Reviewed by Ben Rogers
In less than a year, Protestants will celebrate the five hundredth anniversary of the nailing of Luther’s The Ninety Five Theses to the Wittenburg church door and the birth of the Reformation. A number of commemorative works have already been published and readers should expect to see many more in the coming months. Why the Reformation Still Matters represents Michael Reeves and Tim Chester’s contribution to this growing body of literature. Many readers are already familiar with the authors. Tim Chester is the pastor of Grace Church, Boroughbridge, and curriculum director of Acts 29’s Oak Hill Academy. He is also the author of more than thirty books on a wide variety of subjects that share a common concern for linking theology and practice. Michael Reeves is the president and professor of theology at Union School of Theology in Oxford and the author of a number of books including, The Unquenchable Flame: Discovering the Heart of the Reformation, which happens to be one of my favorite popular introductions to the Reformation.
Summary and Evaluation
As the title suggests, the focus of this work is the ongoing relevance of the Protestant Reformation. According to the authors, the Reformation still matters for three reasons, which are set forth in the introduction. First, at its heart the Reformation was a dispute about matters of eternal significance. The instrumental cause of justification, for example, may sound like a purely academic debate, but our eternal destiny – our eternal felicity or misery – is bound up with this issue.
Secondly, the Reformation still matters because debates between Protestants and Catholics have not gone away. The anathemas of the Council of Trent have not been repealed.
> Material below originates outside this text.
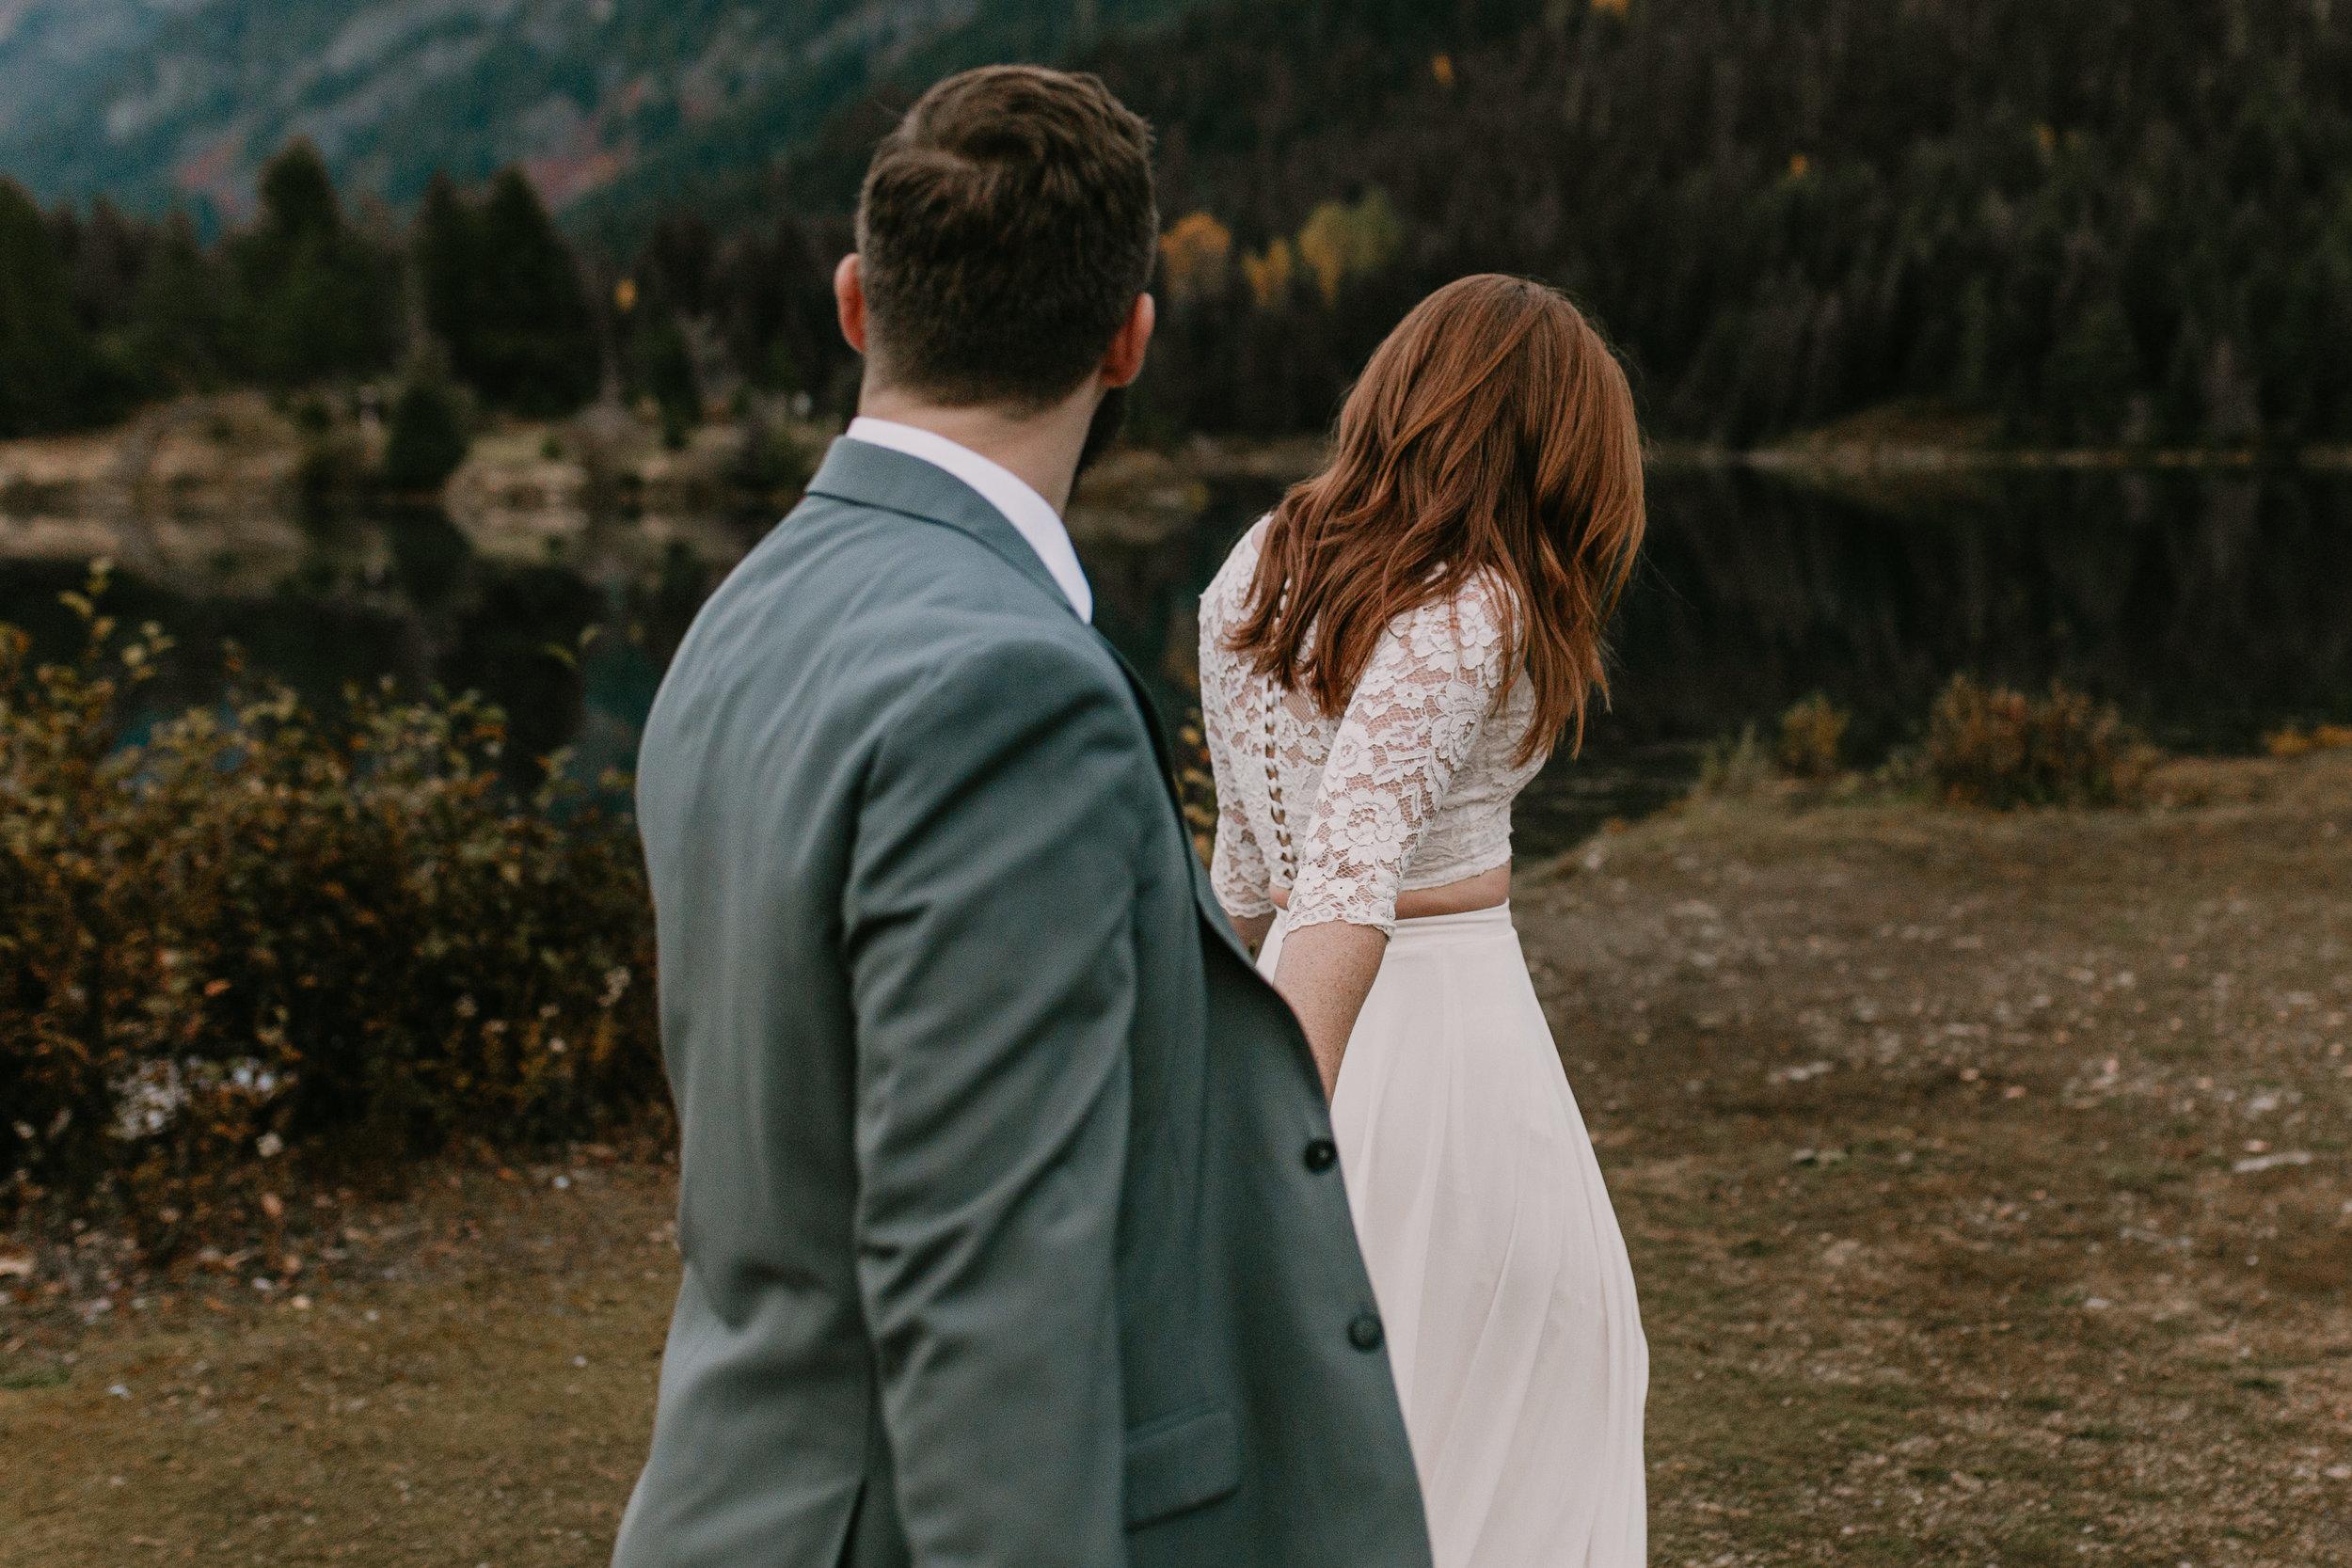 nicole-daacke-photography-mountain-view-elopement-at-gold-creek-pond-snoqualmie-washington-wa-elopement-photographer-photography-adventure-elopement-in-washington-fall-lakeside-golden-sunset-boho-fun-bride-0663.jpg

The Church of Rome still rejects sola scriptura and affirms the sacrifice of the Mass. Despite the changes made by Vatican II, fundamental differences between Protestants and Catholics remain, and the authors do an excellent job of highlighting them without being contentious or uncharitable.
Finally, the Reformation still matters because Reformation was always intended to be an ongoing project. The Latin phrase “semper reformanda,” meaning “always being reformed,” was one of its slogans, and the authors make helpful suggestions about how contemporary evangelicalism might benefit from the Reformers’ insight.
The authors devote the rest of the work to outlining key emphases of the Reformation and their ongoing relevance for the church today.
Chapter 1: Justification: How Can We Be Saved?
Chapter 2: Scripture: How Does God Speak to Us?
Chapter 3: Sin: What Is Wrong With Us?
Chapter 4: Grace: What Does God Give Us?
Chapter 5: The Theology of the Cross: How Do We Know What Is True?
Chapter 6: Union with Christ: Who Am I?
Chapter 7: The Spirit: Can We Truly Know God?
Chapter 8: The Sacraments: Why Do We Take Bread and Wine?
Chapter 9: The Church: Which Congregation Should I Join?
Chapter 10: Everyday Life: What Difference Does God Make on Monday Mornings?
Chapter 11: Joy and Glory: Does the Reformation Still Matter?
Each chapter begins with an attention-grabbing introduction which is typically drawn from the life of Martin Luther (chapters 6 and 11 are exceptions). They introduce the reader to the subject of the chapter and provides a measure of historical and intellectual context. This is followed by a presentation of the Roman Catholic Church’s teaching on the topic. The authors cite a wide variety of sources and are remarkably even-handed in their presentation. Next comes the presentation of the Reformers’ theology. Although Luther, Calvin, and Zwingli, to a lesser extent, hold pride of place, they also mention the thought of lesser lights of the Reformation such as Tyndale, Sibbes, and the Anabaptists among others. Lengthy quotations abound, but rather than distracting from the discussion, they whet the reader’s appetite for more. I put down Why the Reformation Matters and immediately picked up Luther’s The Freedom of a Christian, and it may prompt you to do something similar. The authors conclude each and every chapter by returning to the theme of the work – the contemporary relevance of the Reformers’ thought. These concluding sections are packed with practical wisdom and insight, and well worth thoughtful consideration. These make the work useful as well as informative. One of my favorite examples can be found at the end of the chapter on the Spirit.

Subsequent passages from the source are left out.